Indulge in the best of both worlds with this Pistachio Baklava Cheesecake – a delightful combination of crispy, honey-soaked phyllo layers and creamy, nutty cheesecake. This dessert is perfect for special occasions, offering an exquisite balance of textures and flavors. The buttery phyllo crust, rich cheesecake filling, and crunchy pistachio topping make this a showstopper that will impress every guest at your table.
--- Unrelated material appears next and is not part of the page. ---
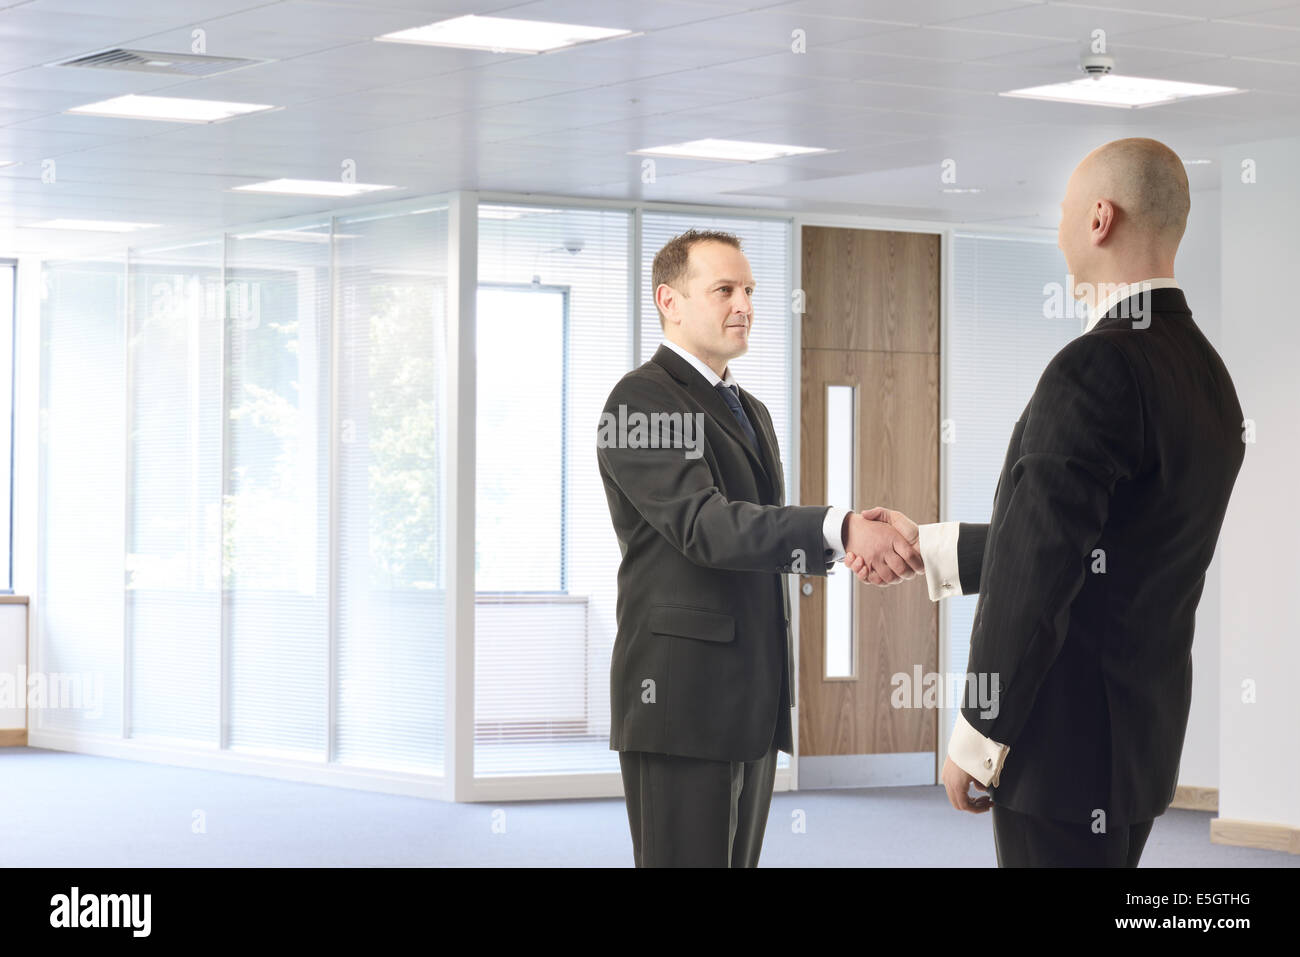 Two businessmen meeting in a brightly lit office space Stock Photo
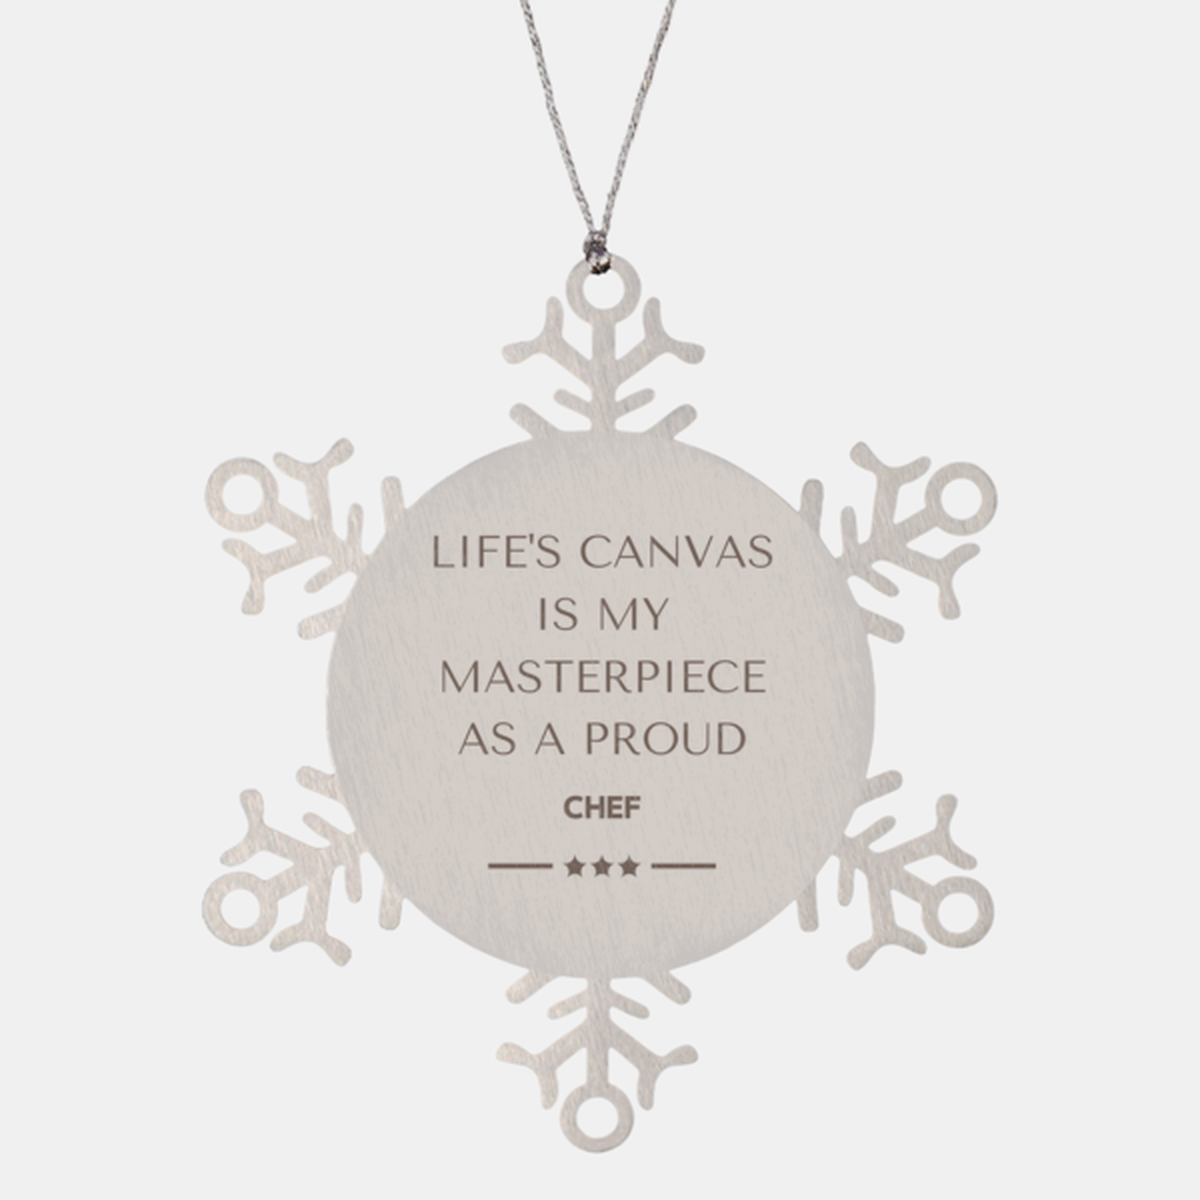 Proud Chef Gifts, Life's canvas is my masterpiece, Epic Birthday Christmas Unique Snowflake Ornament For Chef, Coworkers, Men, Women, Friends

Prep Time, Cook Time & Servings

  • Prep Time: 30 minutes
  • Cook Time: 1 hour
  • Chill Time: 4 hours (or overnight)
  • Total Time: 5 hours 30 minutes
  • Servings: 12 slices
  • Calories per serving: Approx. 450 kcal

Course & Cuisine

  • Course: Dessert
  • Cuisine: Fusion, Mediterranean

Ingredients

For the Phyllo Crust

  • 10 sheets phyllo dough, thawed
  • ½ cup unsalted butter, melted
  • ½ cup finely chopped pistachios
  • 2 tbsp granulated sugar

For the Cheesecake Filling

  • 24 oz cream cheese, softened
  • ¾ cup granulated sugar
  • 2 large eggs
  • 1 tsp vanilla extract
  • 1 tsp lemon zest
  • ½ cup heavy cream
  • ½ cup finely chopped pistachios

For the Baklava Topping

  • 1 cup coarsely chopped pistachios
  • ½ tsp cinnamon
  • ¼ cup honey
  • 2 tbsp unsalted butter, melted
  • 1 tbsp lemon juice

For the Honey Syrup

  • ½ cup honey
  • ¼ cup water
  • 1 tbsp lemon juice
  • ½ tsp cinnamon

Equipment

  • 9-inch springform pan
  • Mixing bowls
  • Hand mixer or stand mixer
  • Pastry brush
  • Small saucepan
  • Cooling rack

Instructions

Step 1: Prepare the Phyllo Crust

  1. Preheat the oven to 350°F (175°C). Grease a 9-inch springform pan.
  2. Layer one sheet of phyllo dough in the pan, brushing it with melted butter. Repeat this process with all 10 sheets, slightly offsetting each layer.
  3. Sprinkle the sugar and finely chopped pistachios between a few layers for extra flavor.
  4. Bake the phyllo crust for 10 minutes or until golden. Let cool.